Ole Smoky partnered with Yee-Haw Brewing Co and opened a new facility called 6th & Peabody in the heart of Nashville in the spring of 2019.

In February 2022, Apax Partners, a global private equity firm, acquired a majority stake in Ole Smoky.

Ole Smoky partnered with Yee-Haw Brewing Co to build a new distillery in Myrtle Beach, South Carolina, set to open in 2026.

==Products==
Currently, Ole Smoky Tennessee Moonshine nationally retails fifteen flavors of moonshine made using authentic East Tennessee recipes, jarred and shipped directly from the company's Gatlinburg distillery. Original Moonshine (100 proof), White Lightnin' (100 proof), Lightnin' Line (80 proof): Strawberry Lightnin', Lemon Drop Lightnin' and Hunch Punch Lightnin', and the 40 proof line including: Moonshine Cherries, Peach Moonshine, Apple Pie Moonshine, Blackberry Moonshine, Strawberry Moonshine, Lemon Drop Moonshine, Pineapple Moonshine, Watermelon Moonshine, Sweet Tea Moonshine and Charred Moonshine are available selectively in 49 states and Canada. The distillery uses a 100-year-old family recipe, which was perfected with the help of Dave Pickerell, who served as the Master Distiller for Maker's Mark for over 15 years. The ingredients are locally sourced.

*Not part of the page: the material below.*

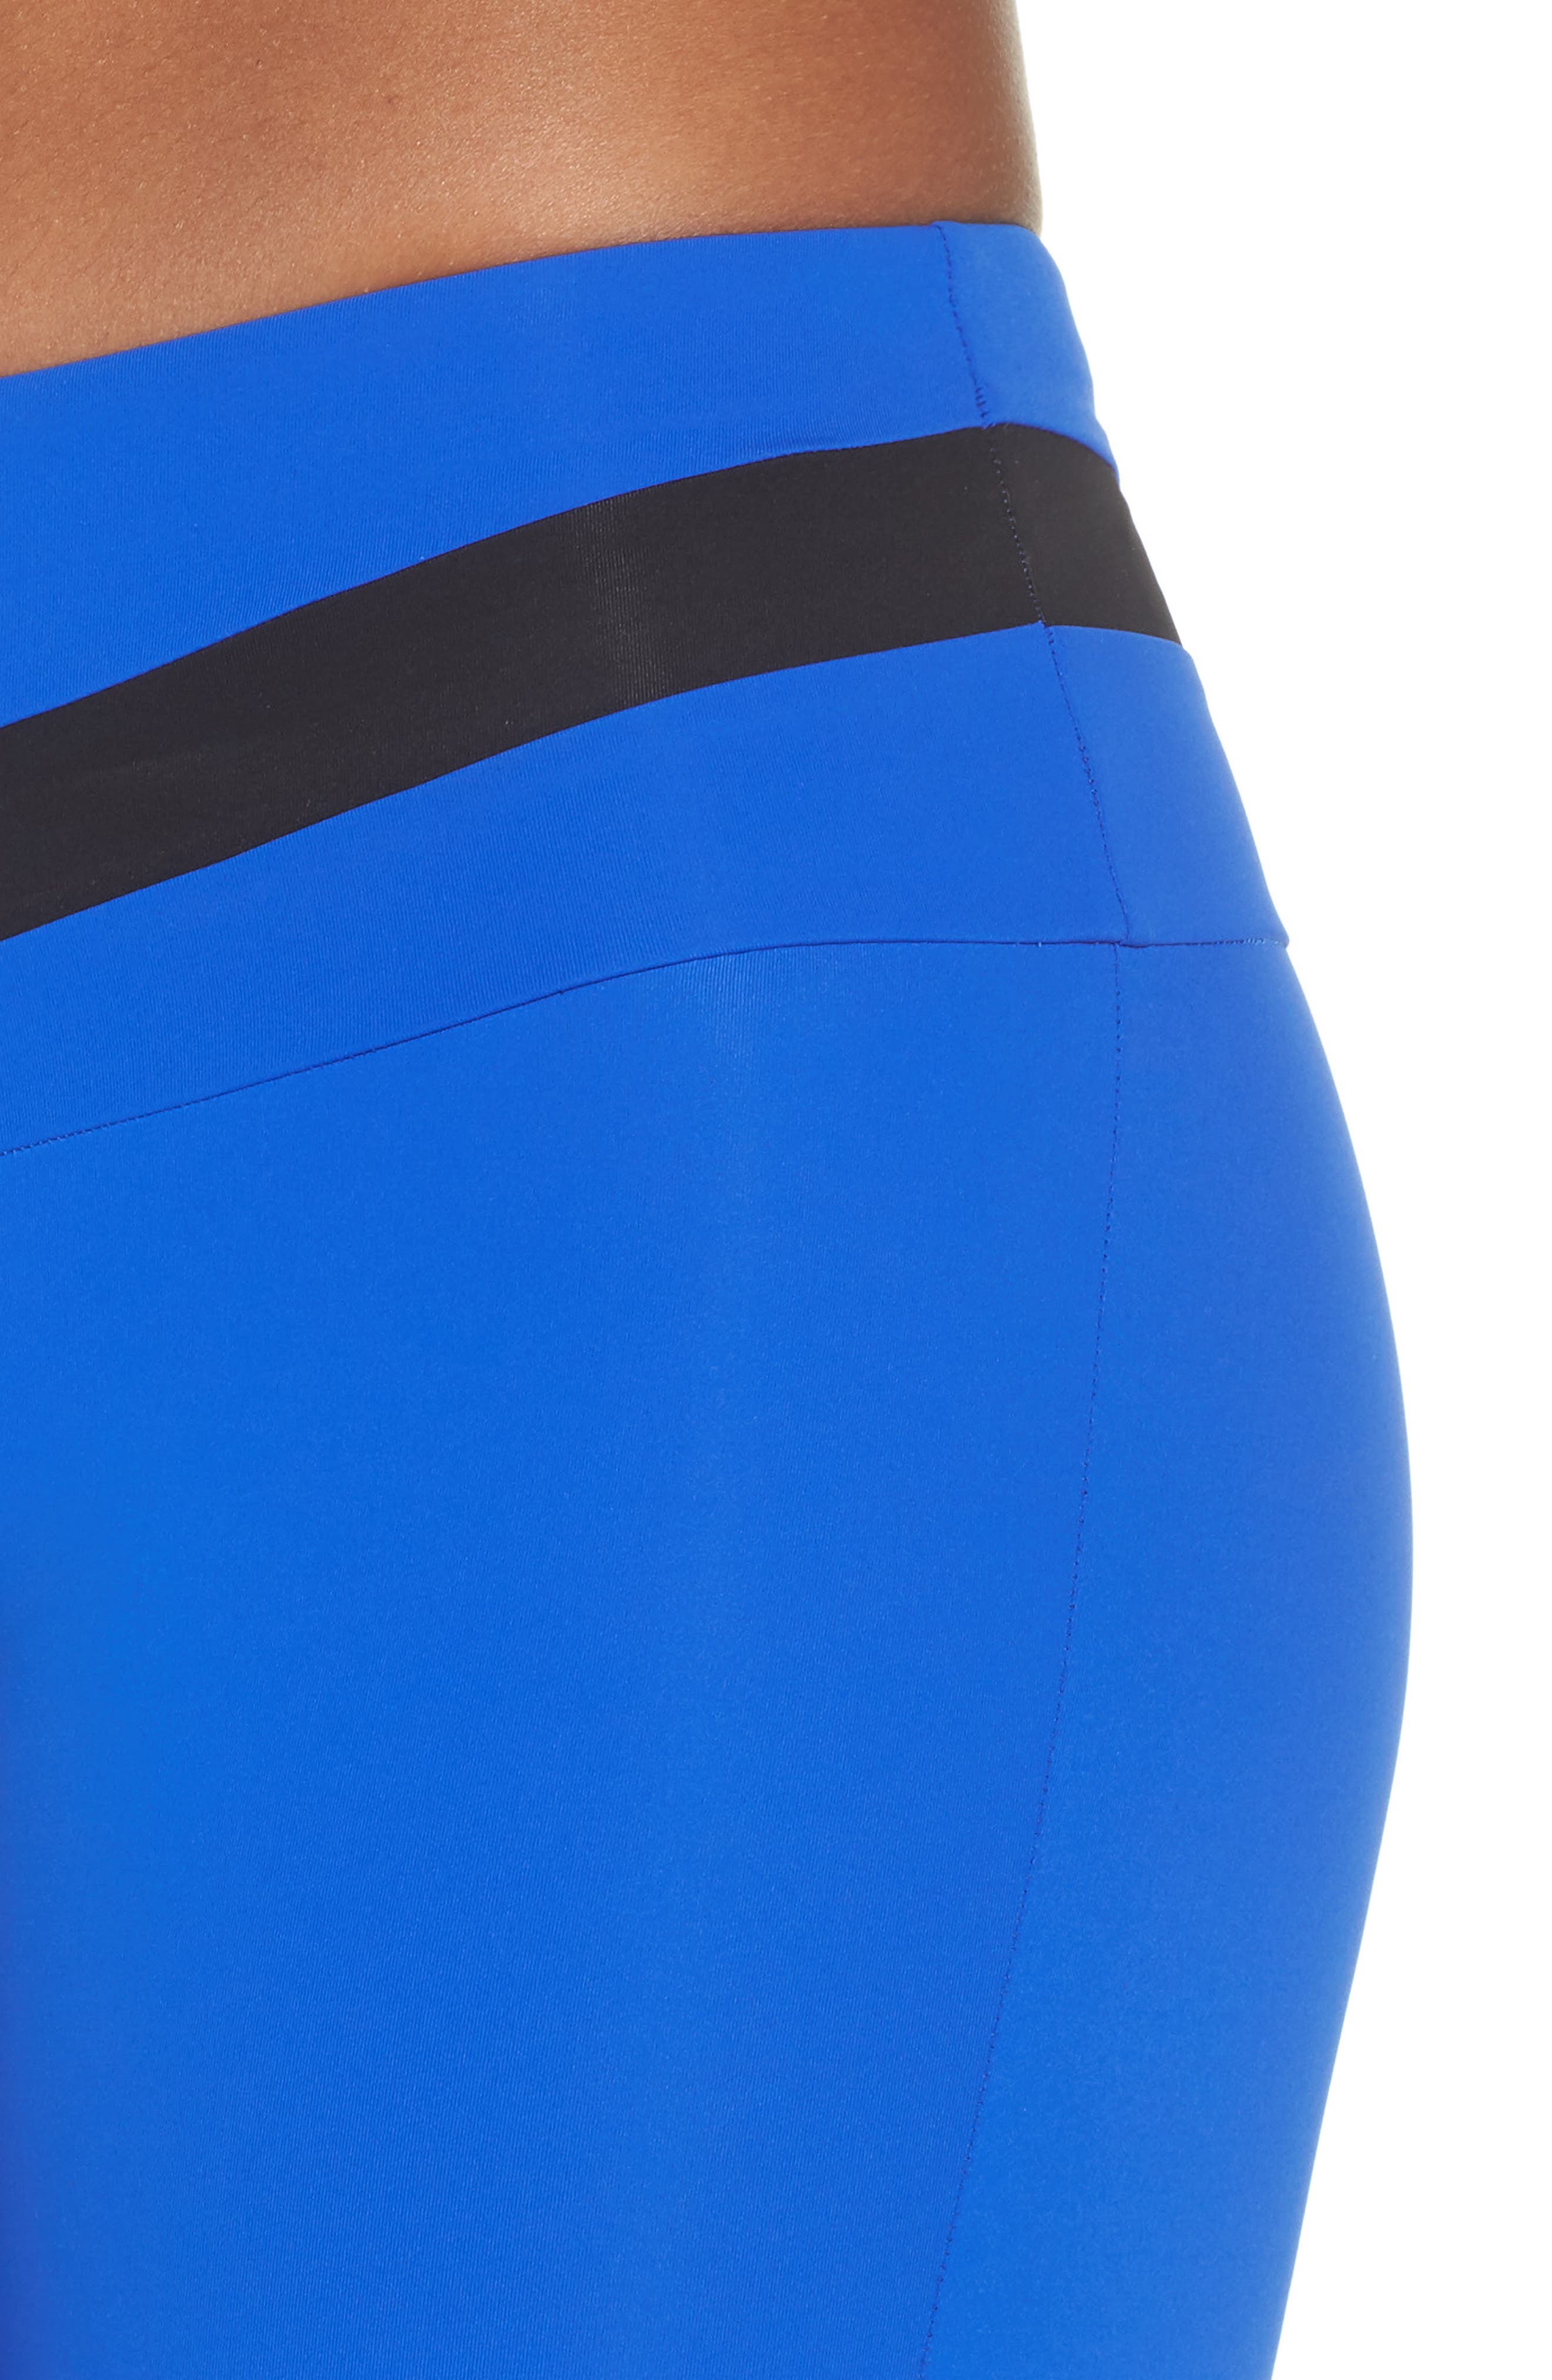 BoomBoom Athletica Tricolor Leggings,                             Alternate thumbnail 4, color,                             Cobalt Blue/ Black

Ole Smoky Distillery also produces a peanut butter whiskey that received ten well-known spirits awards in November 2020.

==Media reaction==
Media coverage of Ole Smoky's opening included a visit by the Today Show and an appearance on Martha Stewart Living Radio. They continue to garner national media coverage in major press and consumer publications.